25 de marzo de 2016

San Fernando de Henares tiene una ruta de las más bonitas de la CAM: bosques, huertas y paseos

Situación. San Fernando de Henares. Madrid.
Cómo llegar. En coche, desde Madrid por la A-3, autovía de Barcelona, hasta el nudo Eisenhower, confluencia con la M-40 y la carretera del aeropuerto de Barajas. Desviarse en este nudo por la vía de servicio lateral hasta la altura del kilómetro 15, donde se toma la desviación Coslada y San Fernando del Jarama. Alcanzar la rotonda del reloj solar y tomar la M-206 hasta la Glorieta de Europa.
En metro veloz se puede llegar hasta San Fernando.

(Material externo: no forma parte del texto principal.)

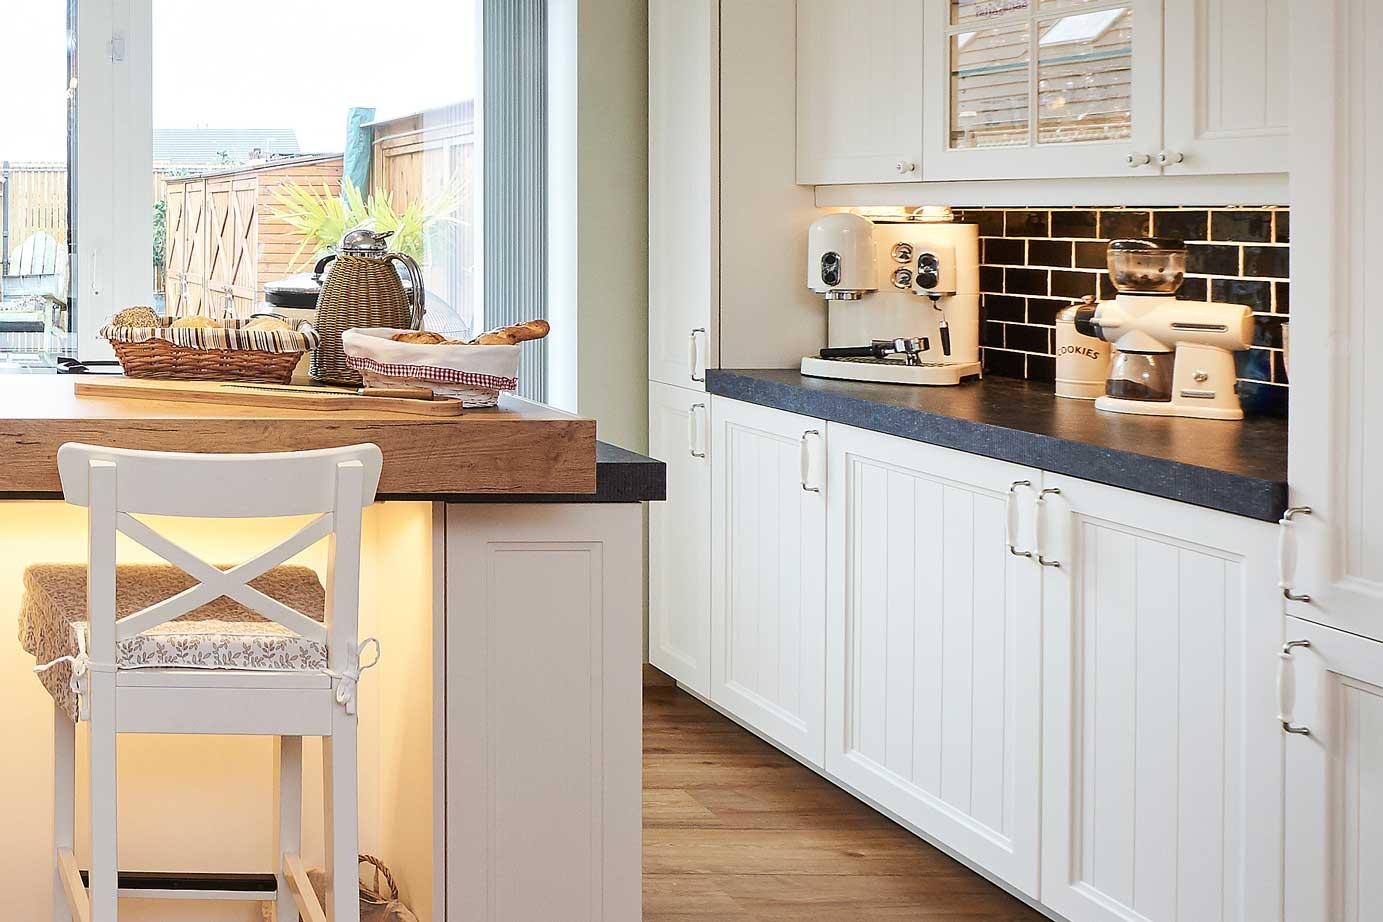 keuken tegels landelijke stijl : Landelijke Keuken Taupe Good Keller Keukens With Landelijke

Línea 7, estación Jarama, situada al final de la Avenida de San Sebastián.
Distancia. 20 kilómetros desde Madrid.
Accesos. Desde la puerta del Ayuntamiento, en la plaza de España, a la derecha, Sur hasta la primera calle, Gonzálo de Córdoba. Tomarla a la izquierda hasta la primera, Carretera de Mejorada. Seguir a mano derecha hasta la segunda rotonda, donde se toma a la izquierda, Este, la Avenida de San Sebastián hasta su final, en el límite del pueblo, marcado por la carretera de circunvalación M-206. Cruzar la Glorieta de Europa, situada en este punto, y acceder a la entrada de la Huerta Grande por el Paseo de los Chopos, donde comienza la excursión.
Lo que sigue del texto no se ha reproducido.